Exactly as written, output each of the lines below, with no images.
===== Input data
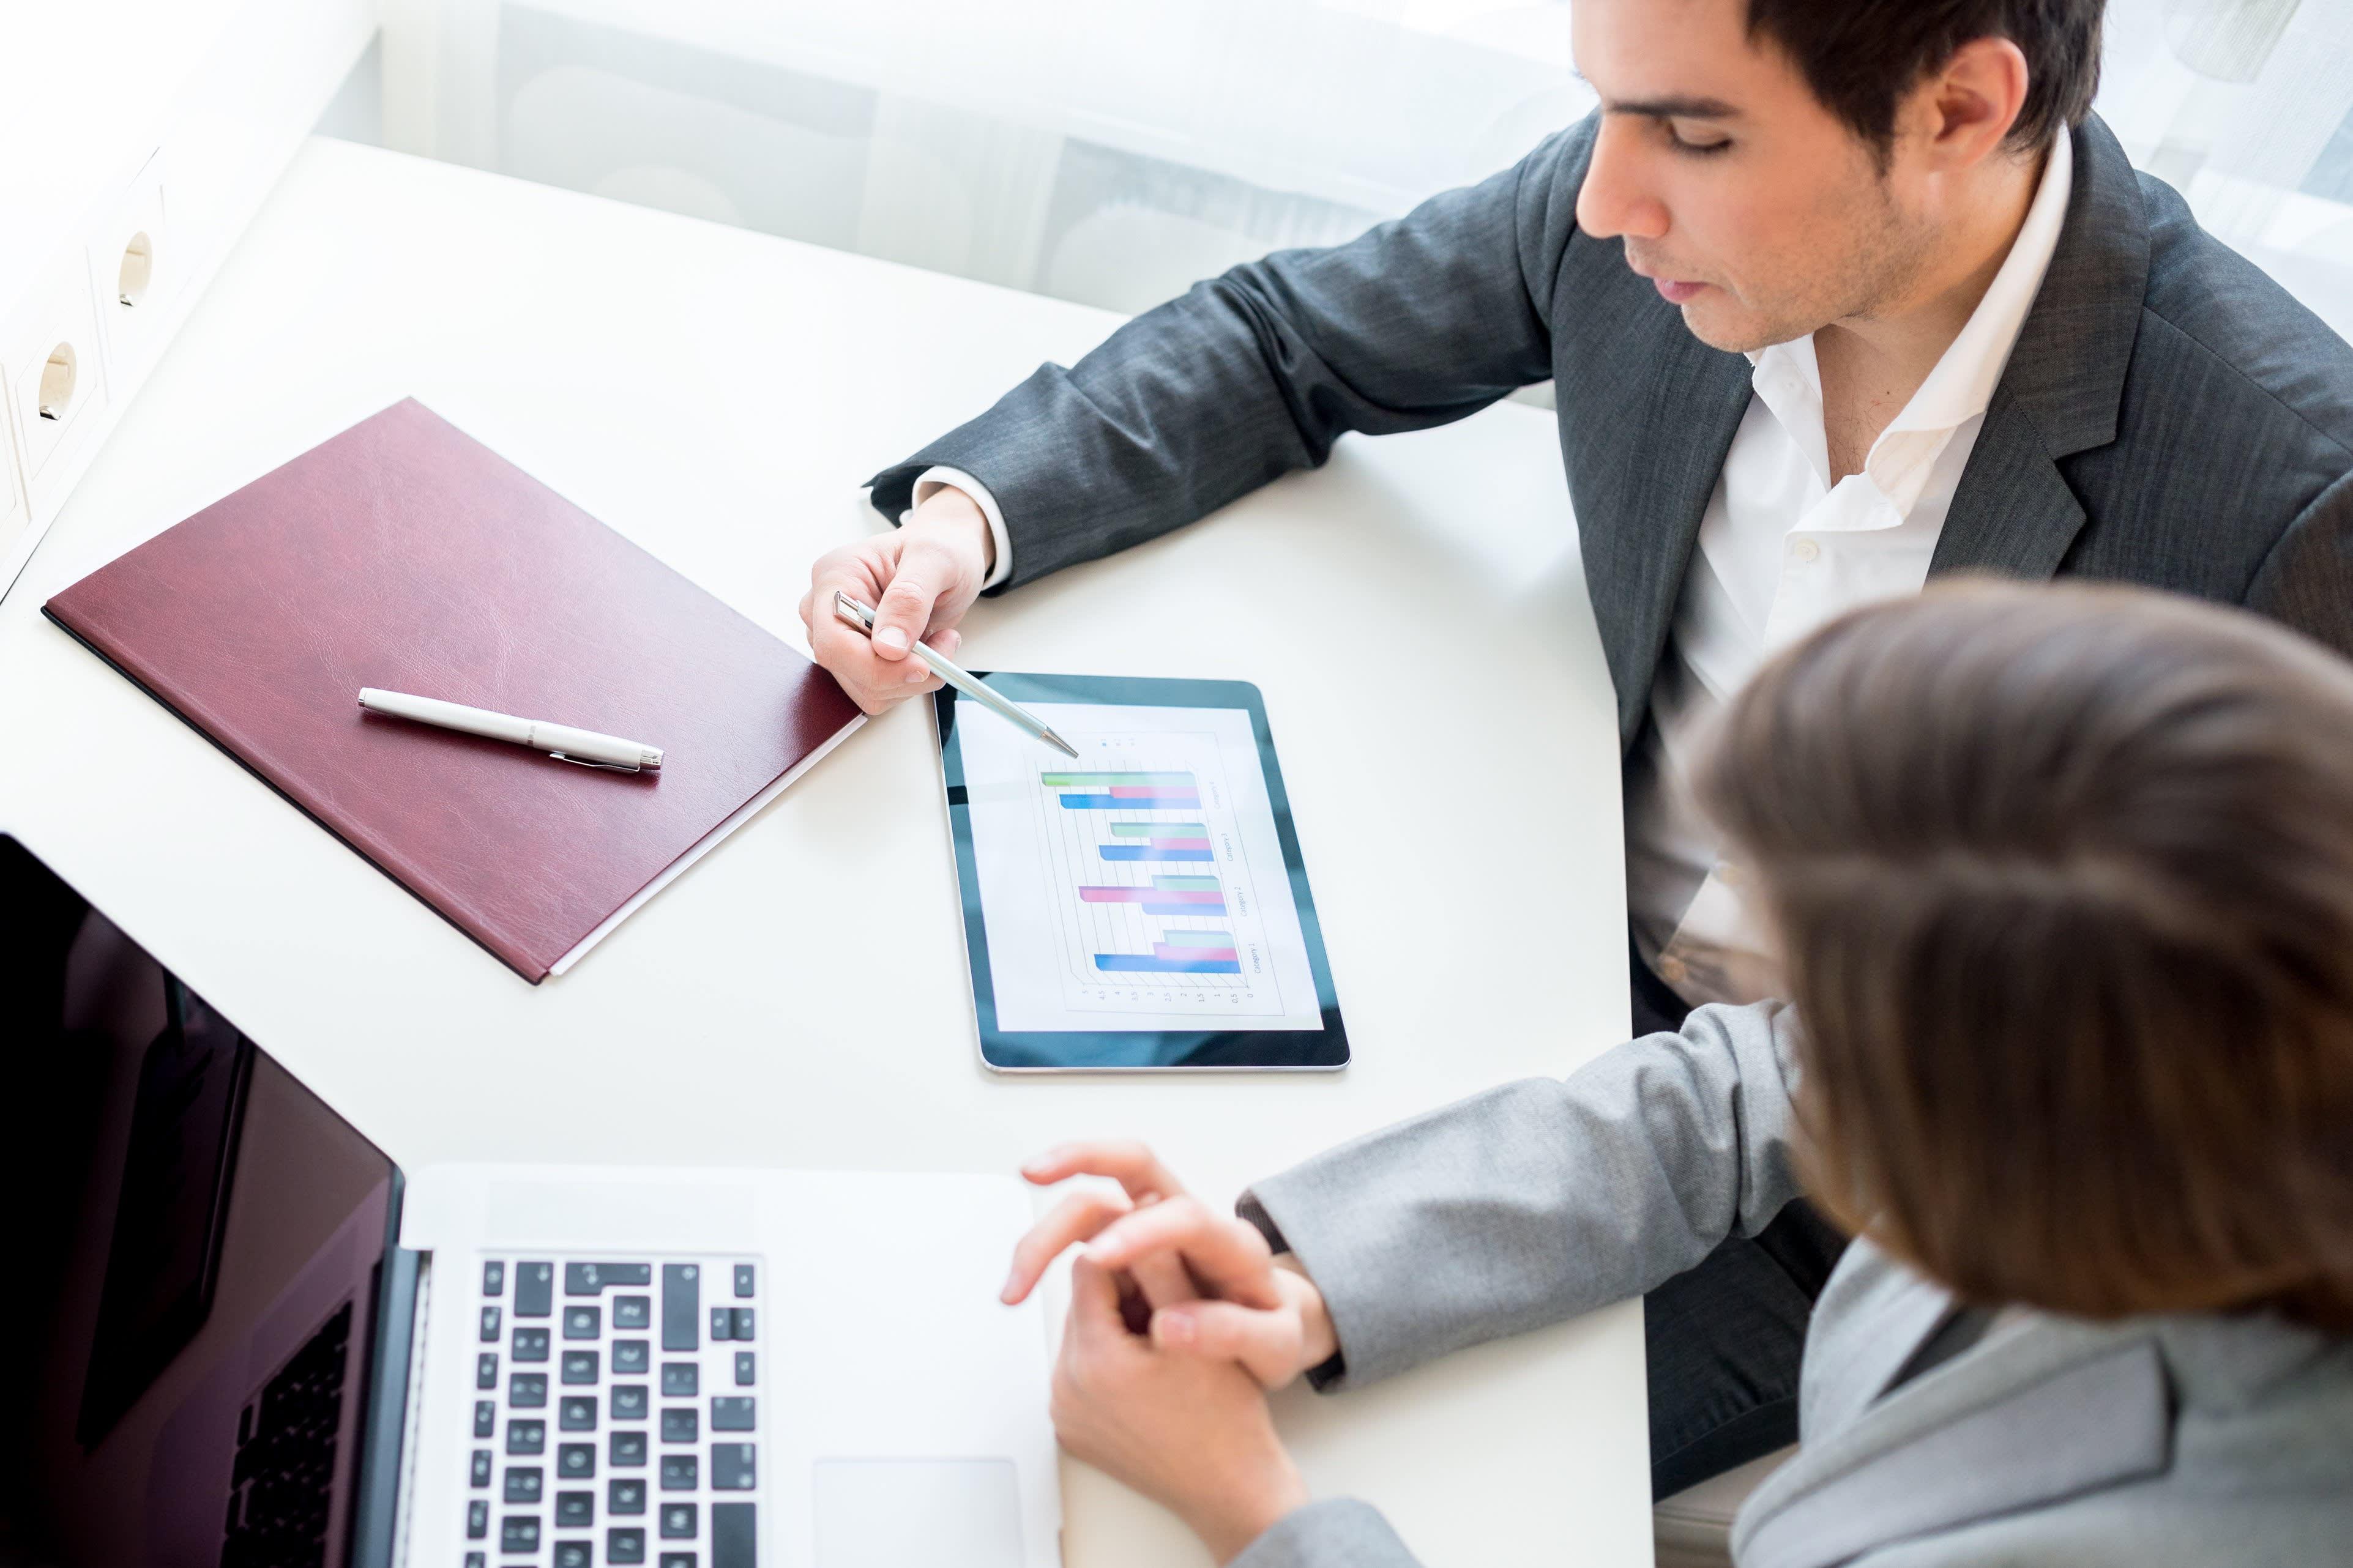 FundsNetwork accelerates platform digitisation amid Covid-19
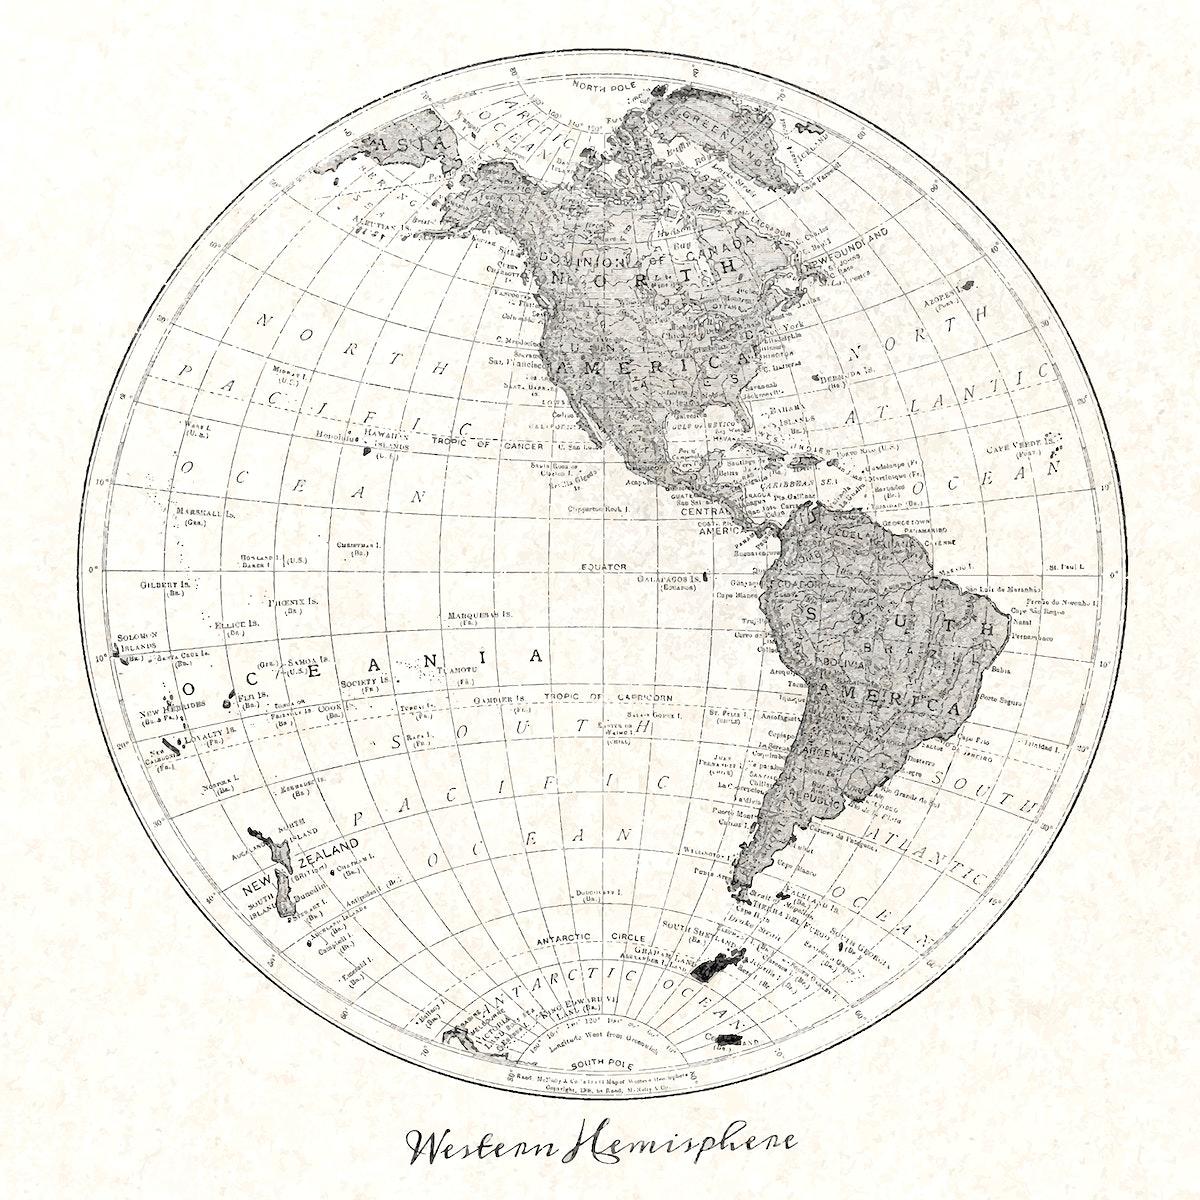 Western Hemisphere map vintage illustration vector, remix from original artwork.
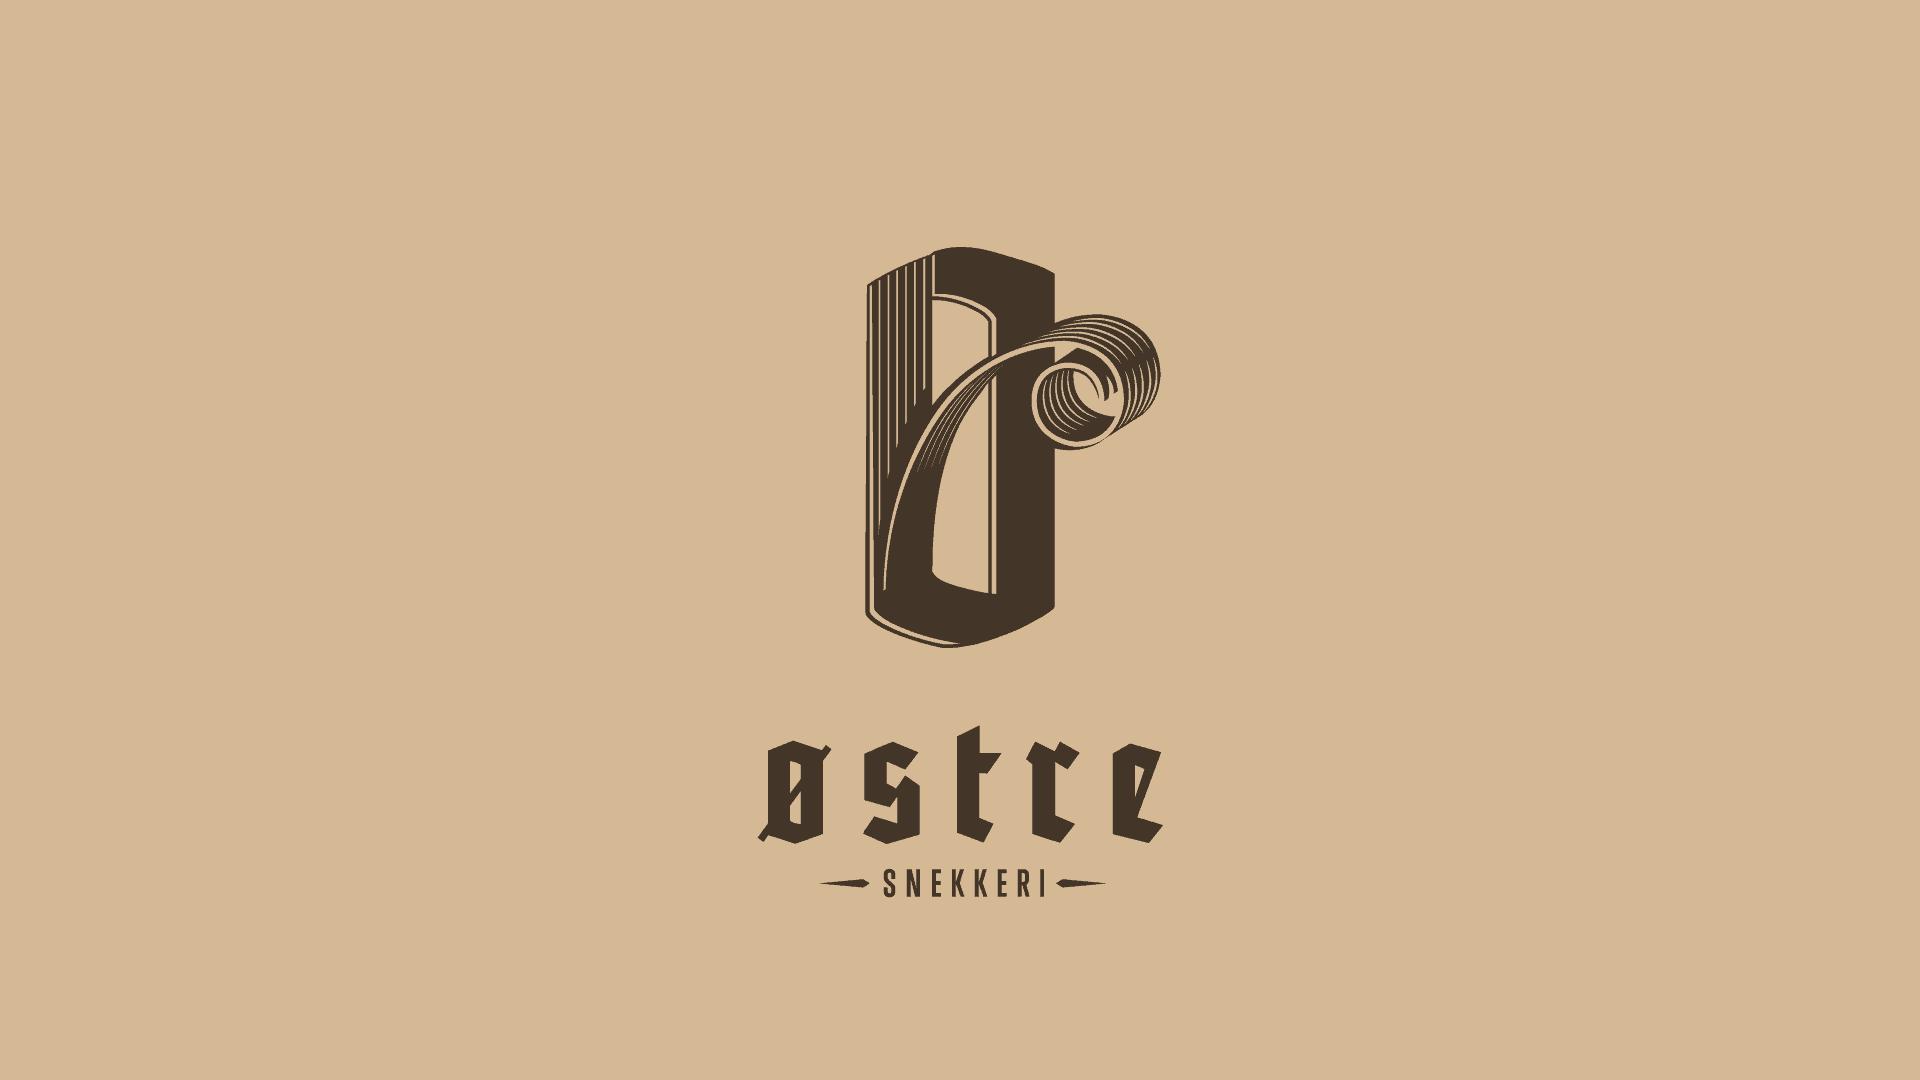 Østre - A Chip of the New Block
==========
● Completed exercise
 FundsNetwork accelerates platform digitisation amid Covid-19
 Western Hemisphere map vintage illustration vector, remix from original artwork.
 Østre - A Chip of the New Block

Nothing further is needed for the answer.